What happened? I'm a little nervous now. What changed for him to feel he needed to make this kind of a promise to me? I didn't ask him for a commitment or anything, did someone say something to him? Or his parents or that manager? Wow, I'm really confused. "Oliver can you tell what happened now? What got you so upset you didn't come back this morning?" I ask softly kissing his chest so he knows I'm not going anywhere.

"My father is cheating on my mother. I just found out. I saw him with this girl this morning and I just couldn't deal with it. I need you Abby. What do I say to my mother or Kate? I don't know what to do." Oliver rolls into me and curls up against me. I've never seen him this way. I guess I'm going to be the strong one for him now.

Kate

Everyone has disappeared and I can't seem to find any of them. Oliver isn't answering his phone. I'm assuming he's with Abby and I don't want to know what they're doing. He didn't come back this morning and Abby disappeared after she went after him. I can only guess that Dylan was right for once and they're staying in for the day.

After the issue with Avery, Dylan and Mason went to blow off steam at the gym and Melanie said she was too beat and going back to bed. I'm now on my own. I thought someone would want to go shopping with me but now I can't even get a hold of my father who's probably at the office here and my mother is no where I can find.

I'm wandering around the lobby when I see Ethan walking down one of the corridors towards the patio. I decide to follow him just in case Avery is getting herself into more trouble. I go down the hall and out the patio door when I see Ethan lean over and kiss my mother. Not a kiss on the cheek or a peck of a kiss but a kiss kiss.

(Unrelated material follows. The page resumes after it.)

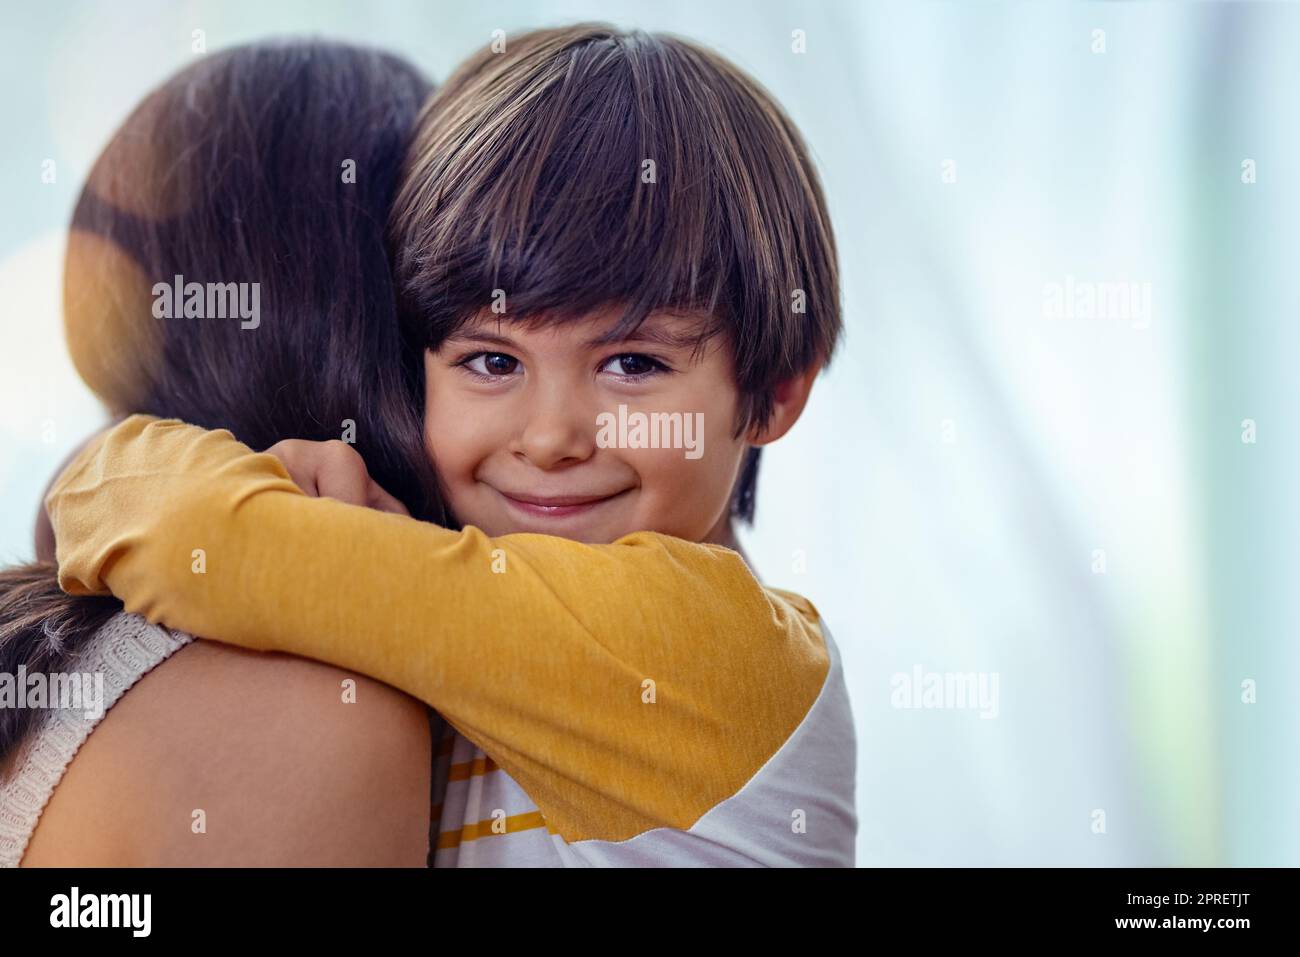 L'amore più bello e duraturo che c'è: Un adorabile ragazzino che abbraccia affettuosamente la madre a casa. Foto Stock

"Oh my God." I whisper to myself. I can't move. It's like one of those horrible horror movies that are scary and gross, but no matter how bad it is you can't stop watching it. That's this. I'm stuck watching it. I have a horrible lump in my throat and I feel like I'm going to puke, this is my mom and a guy my age. Ethan, the guy we know is bad news. The one who will steal her money and take everything my mother cares about away from her. The same jerk that used Abby is now kissing my mother. "I'm gonna be sick."

I race back inside and up to my room. What do I do? How am I supposed to tell Dad? How do I tell Ollie? This is terrible. I rush to the bathroom just in time as I feel the contents of my stomach come heaving up.

"Kate? Kate are you sick sweetheart?" Dylan calls to me through the door. I didn't even notice he was here.

"Yeah, I'm not feeling too good babe." I sit back and hold my head. I can't even stop the tears. What happened to my mother? How can I even look at her the same way now?

The door slowly opens and Dylan puts his head in to look at me. "Katie?" He says softly and comes in immediately going to his knees to sit next to me. "Baby come here. What happened?"

I curl up in his lap and snuggle against his chest. My guy is the best but I don't know what to tell him or if I should tell him anything. Dylan is Ollie's best friend he'll tell him. I can't hurt Ollie this way, not until I get a chance to confront our mother. She needs to be the one who tells them her mistake.

"I think I just ate something that didn't agree with me." I tell him. He holds me close and rubs my back soothing my nerves. He's such a great guy. "Can we just snuggle with a movie?"

"Sure baby, anything you want." Dylan says scooping me up and carrying me to the bed. I'm going to be crying my eyes out soon enough and I know I'll have to explain. I just hope he gets why he can't tell Ollie.